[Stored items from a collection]
BEGIN
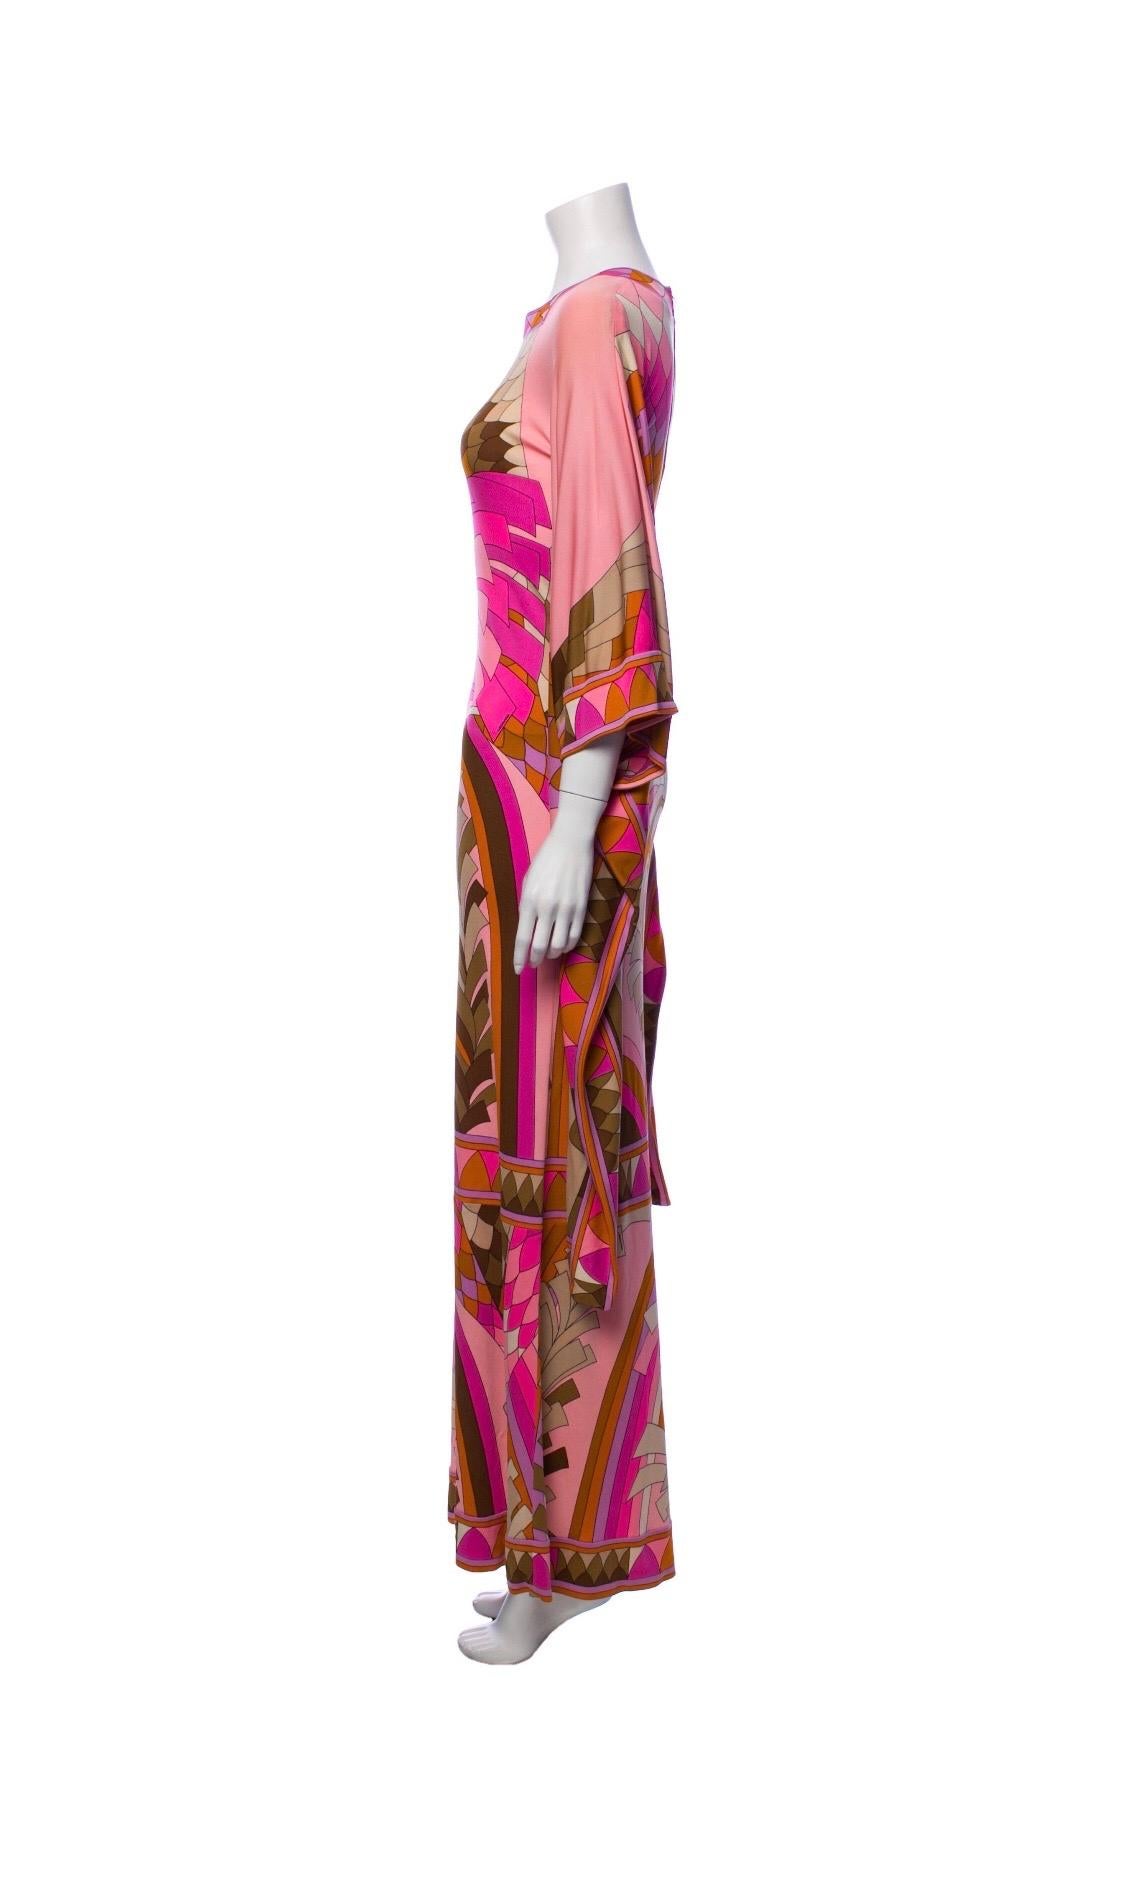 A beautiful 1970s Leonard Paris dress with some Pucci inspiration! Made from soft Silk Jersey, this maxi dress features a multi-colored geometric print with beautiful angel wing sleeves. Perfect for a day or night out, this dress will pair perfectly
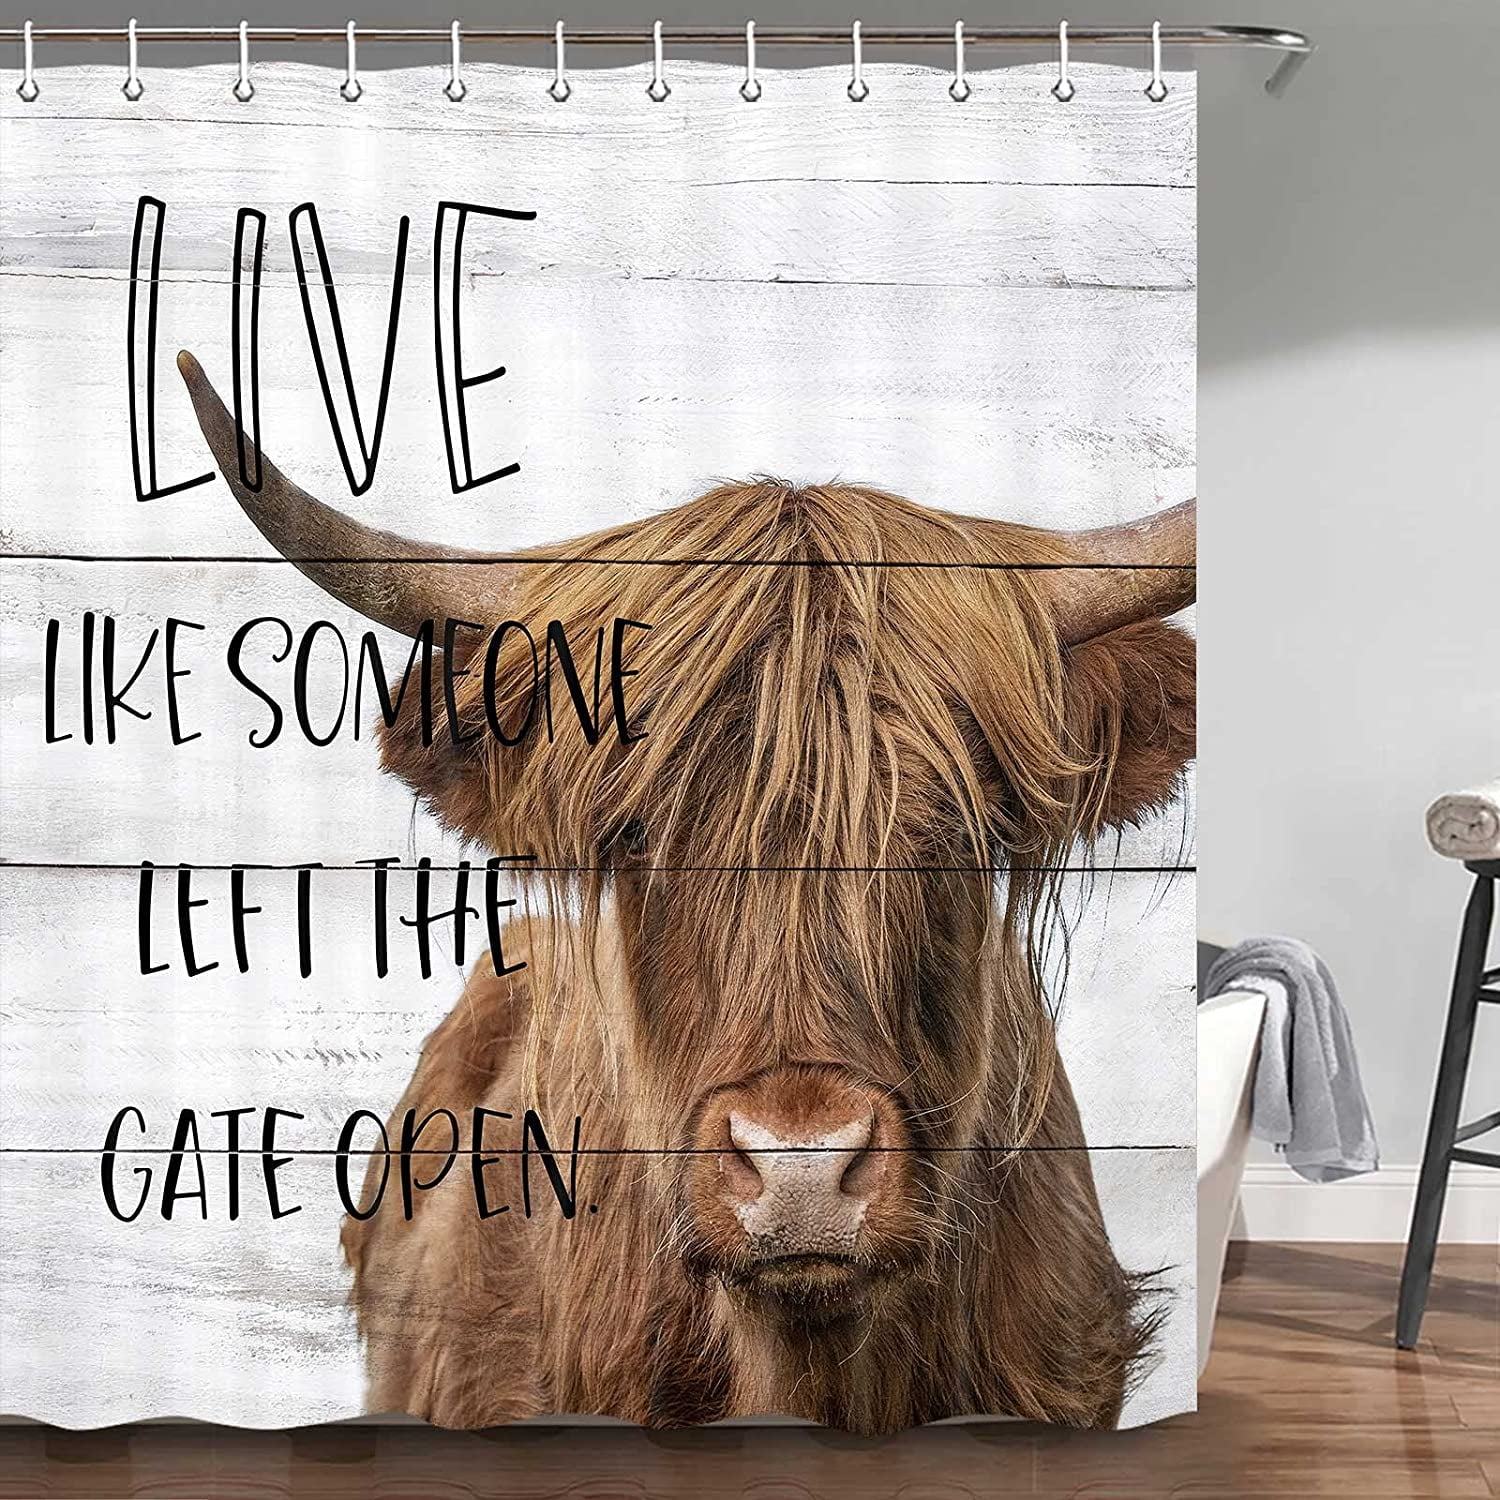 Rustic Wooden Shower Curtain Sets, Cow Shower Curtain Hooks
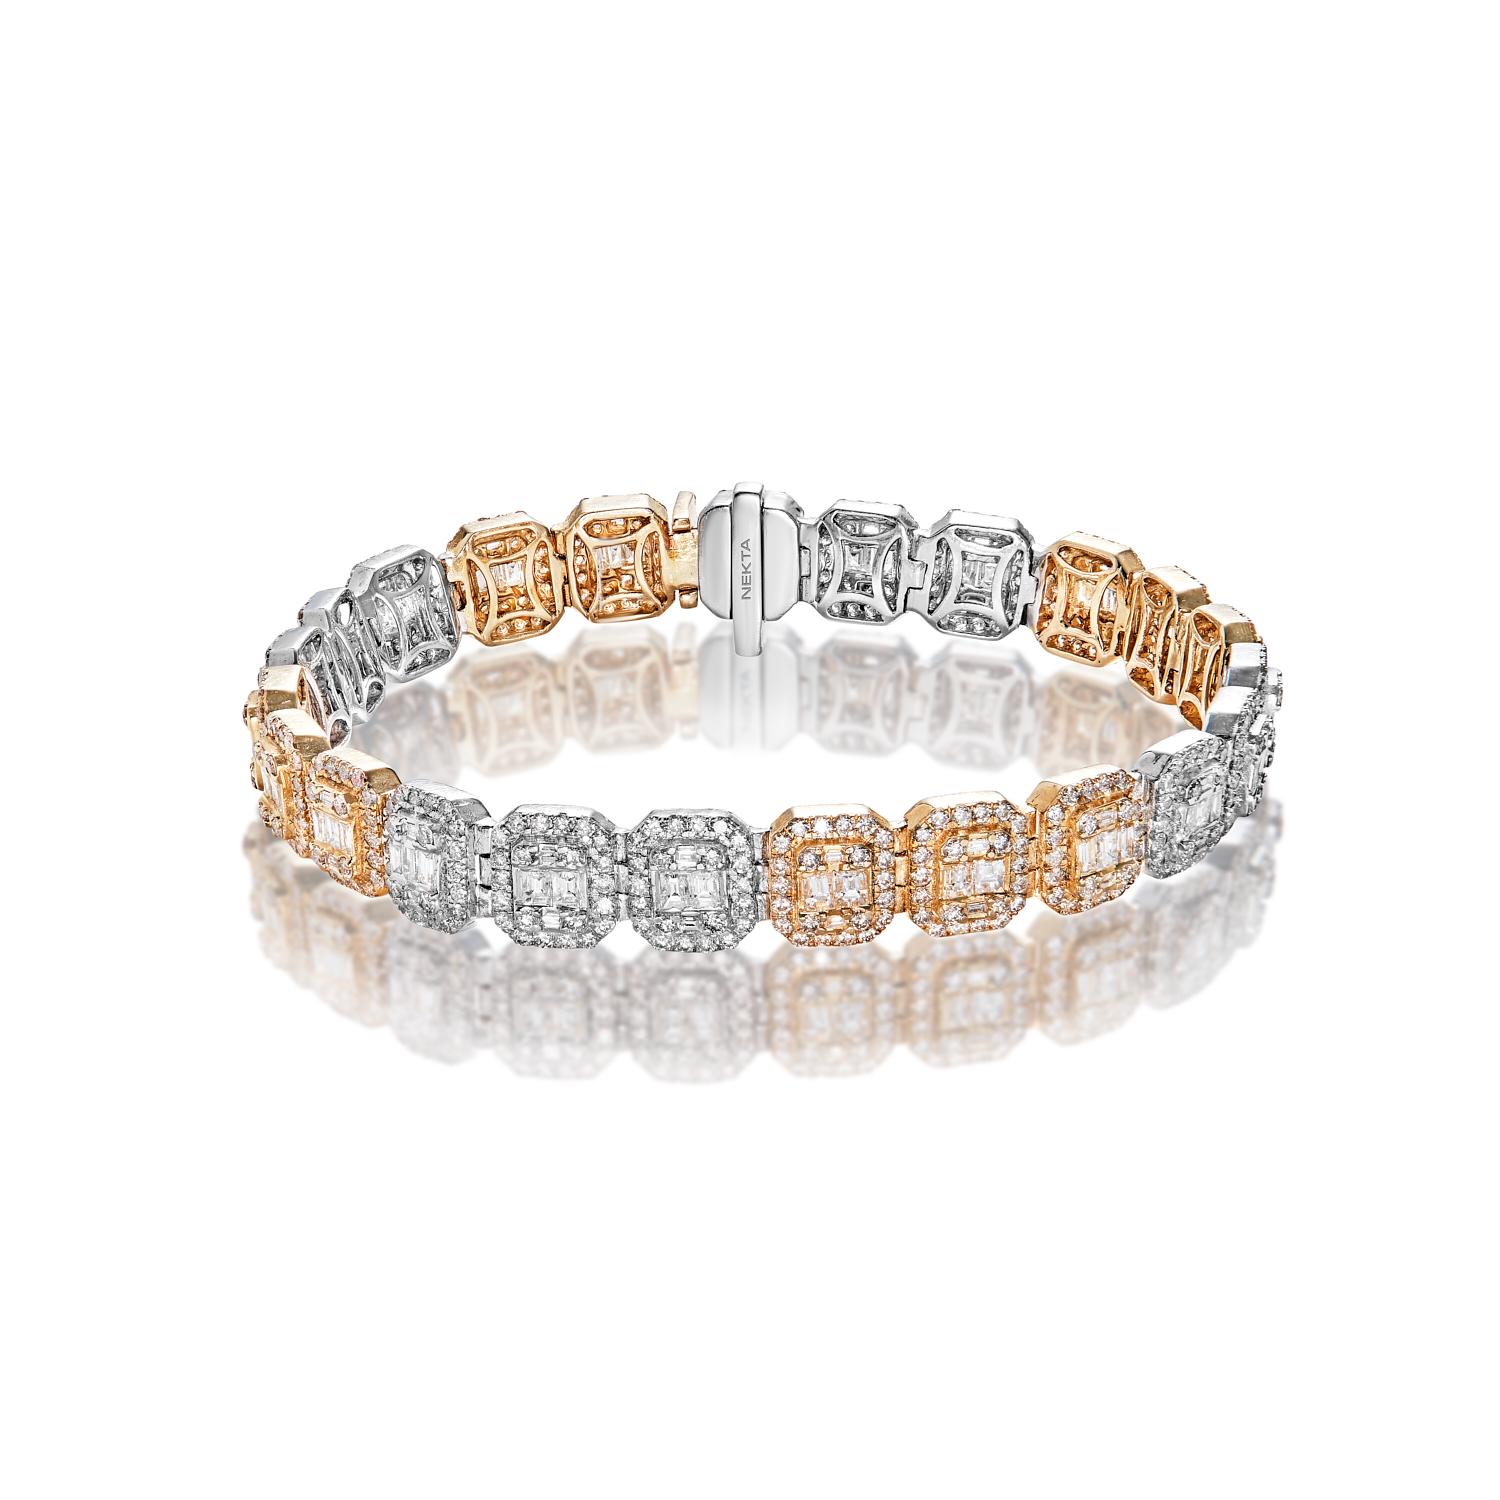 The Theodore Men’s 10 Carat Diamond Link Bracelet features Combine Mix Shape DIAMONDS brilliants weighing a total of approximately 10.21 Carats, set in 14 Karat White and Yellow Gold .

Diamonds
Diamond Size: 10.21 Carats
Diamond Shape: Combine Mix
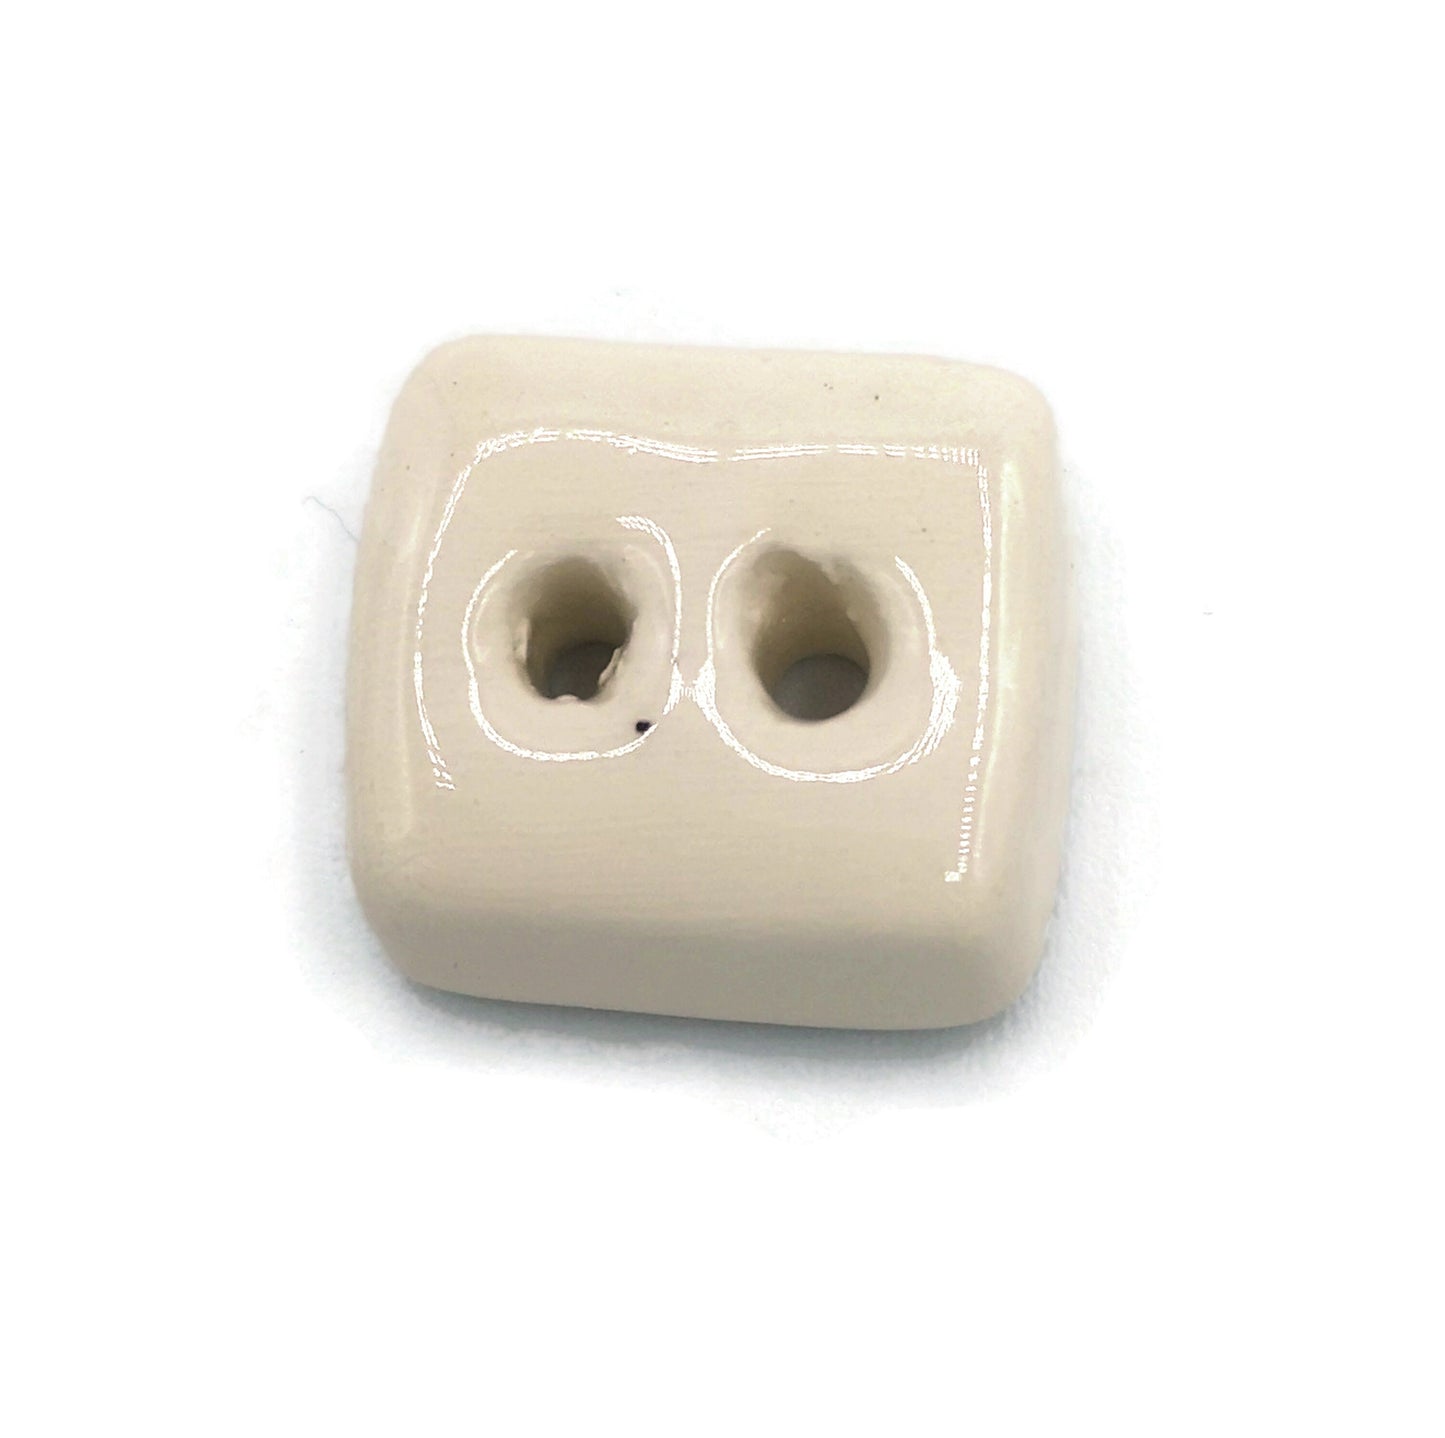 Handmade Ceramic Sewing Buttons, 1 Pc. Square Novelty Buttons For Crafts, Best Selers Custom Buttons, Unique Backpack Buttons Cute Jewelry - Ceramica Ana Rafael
END
> WORK TASK
Transcribe the data exactly and leave no picture in the copy.

> EXPECTED ANSWER
 A beautiful 1970s Leonard Paris dress with some Pucci inspiration! Made from soft Silk Jersey, this maxi dress features a multi-colored geometric print with beautiful angel wing sleeves. Perfect for a day or night out, this dress will pair perfectly
 Rustic Wooden Shower Curtain Sets, Cow Shower Curtain Hooks
 The Theodore Men’s 10 Carat Diamond Link Bracelet features Combine Mix Shape DIAMONDS brilliants weighing a total of approximately 10.21 Carats, set in 14 Karat White and Yellow Gold .

Diamonds
Diamond Size: 10.21 Carats
Diamond Shape: Combine Mix
 Handmade Ceramic Sewing Buttons, 1 Pc. Square Novelty Buttons For Crafts, Best Selers Custom Buttons, Unique Backpack Buttons Cute Jewelry - Ceramica Ana Rafael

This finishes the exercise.